Now I need to enable a functional access point. This is the first case where it’s really non-trivial to write up the config file to use, so it’s done a little bit differently.  The first step is to install hostapd and iw and boot that.  Now, on the device, edit /etc/hostapd.conf and iterate on editing and testing it on the device until everything is set up as desired. The iw tool can be helpful here to do things like perform a site scan to see what frequencies are already in use.  Once I’m done with the config, I copy the file out from the target and over to my build server with scp as /tmp/hostapd.conf. Then it’s time to make it stateless:

$ mkdir -p recipes-connectivity/hostapd/hostapd
$ cp /tmp/hostapd.conf recipes-connectivity/hostapd/hostapd/

And then I edit recipes-connectivity/hostapd/hostapd_%.bbappend to look like this:

FILESEXTRAPATHS_prepend := ":${THISDIR}/${PN}"

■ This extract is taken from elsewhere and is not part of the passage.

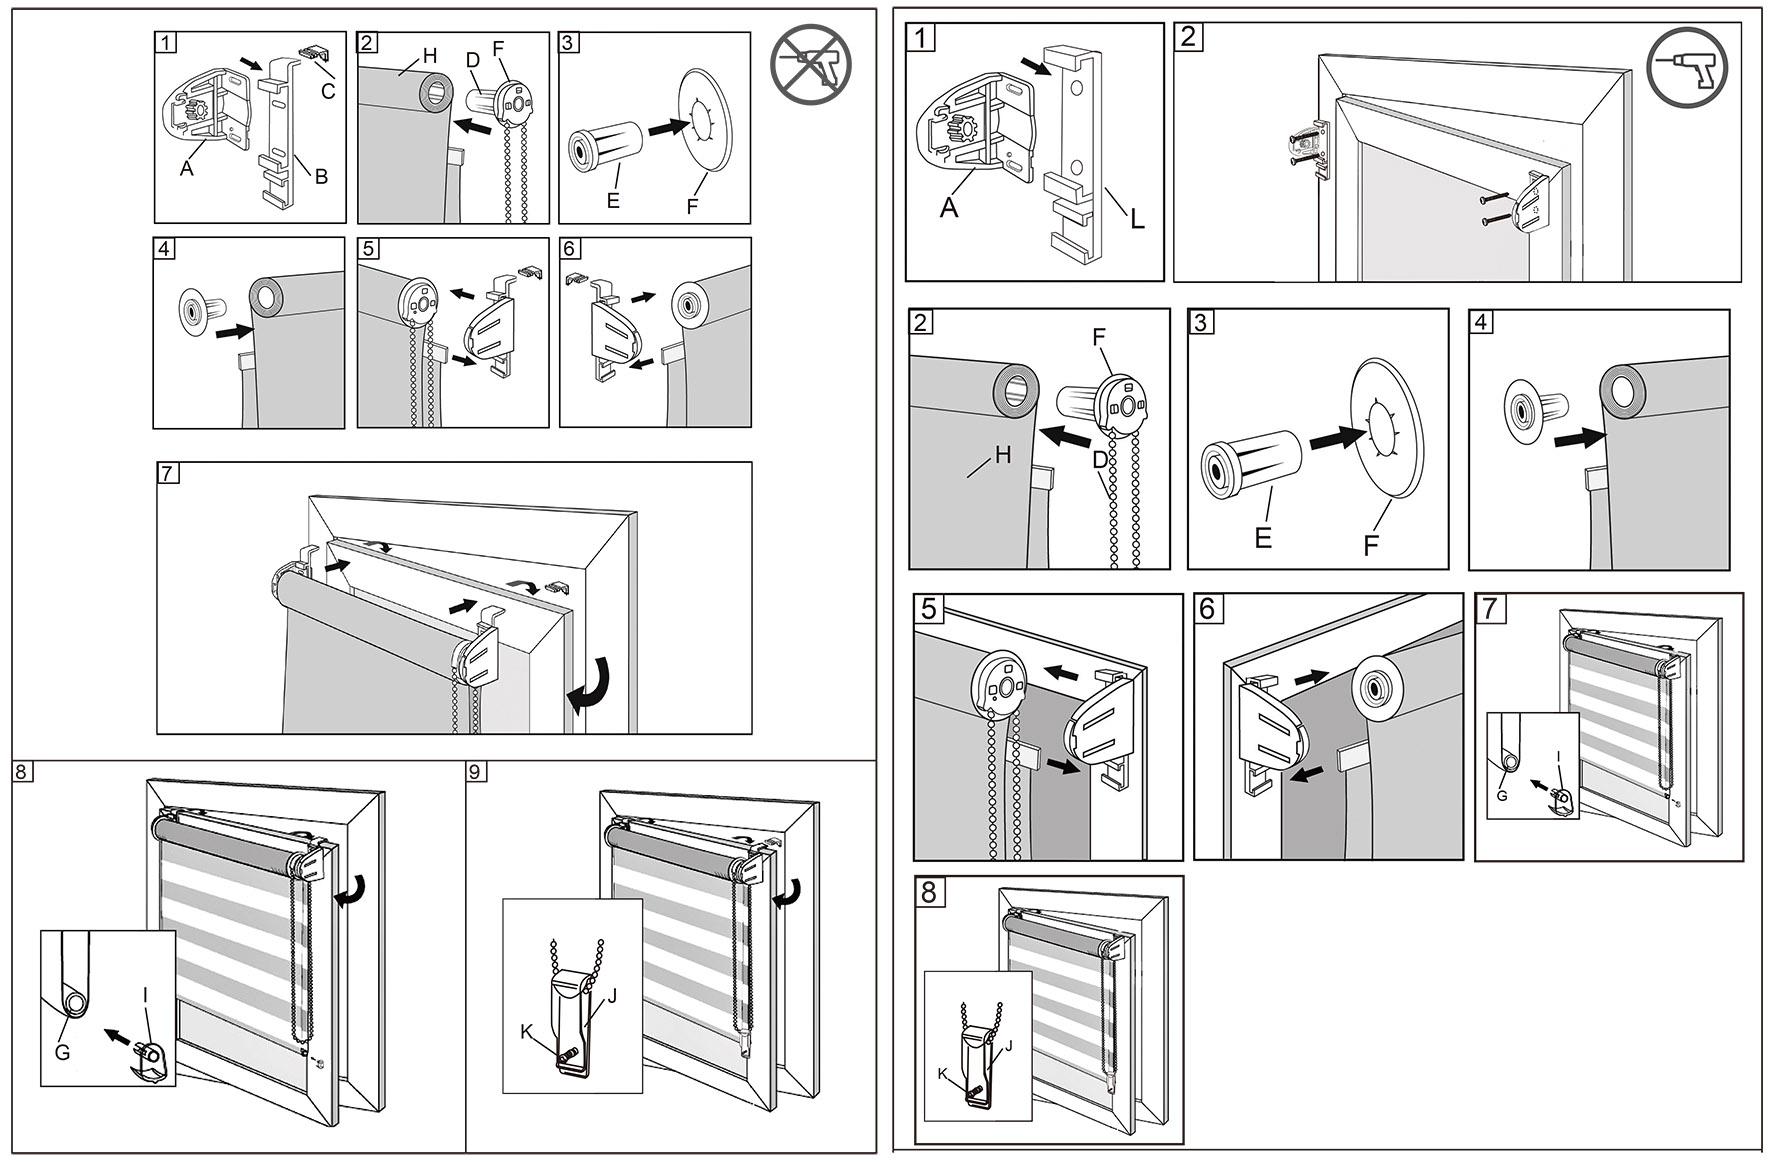 doppelrollo duo rollo klemmfix ohne bohren variorollo easyfix fenster t r 324 a ebay. Black Bedroom Furniture Sets. Home Design Ideas

SRC_URI += "file://hostapd.conf"

do_install_append() {
    install -m 0644 ${WORKDIR}/hostapd.conf ${D}${sysconfdir}
}

SYSTEMD_AUTO_ENABLE_${PN} = "enable"

This will do two things. Everything except that last line is to tell bitbake to look in my layer for hostapd.conf and then to install it. The last thing is that now that we have a configured AP we want to start it automatically so have it be an enabled systemd service. Now it’s time once again for the git add, git commit, and so forth cycle.

The next step is to do the same kind of thing to dnsmasq. The good news that this time, the dnsmasq_%.bbappend file only needs one line:

FILESEXTRAPATHS_prepend := ":${THISDIR}/${PN}"

This is because the rest of the recipe already knows to grab dnsmasq.conf from a local file. In the case of my network, I need to pass in a few special options to some DHCP clients and have certain clients be given certain IP addresses, so I’ve gone with dnsmasq as my light-weight, but still fully featured IPv4 configuration server. I could have just as easily gone with ISC DHCPD instead, and it would look much the same as the above.  Conversely, if I didn’t need those few extra rules, I could just let systemd handle DHCP serving.  I left out IPv6 from my statement there as I am letting systemd handle that.

The only thing missing at this point from a router, aside from turning off developer mode features, is to add in a firewall. There are a few ways to go about this.  I already have systemd handling one of the aspects that is often associated with a firewall, setting up IPv4 NAT.  If the only other thing I needed on top of this is to shut the rest of the world out, I can use ufw and potentially even leverage its features that allow for adding iptables commands directly for slight enhancements.  While I have gone that direction for some projects, it’s not a good fit for this one. Instead, I chose to go with arno-iptables-firewall because I’m going to have a more complex setup. The process of customizing the firewall configuration is similar to how I customized hostapd and dnsmasq. That is, I iteratively configure it on the device, test for functionality, and copy the configuration files to my host.  This time, however, the arno-iptables-firewall_%.bbappend will look a little different:

FILESEXTRAPATHS_append := ":${THISDIR}/files"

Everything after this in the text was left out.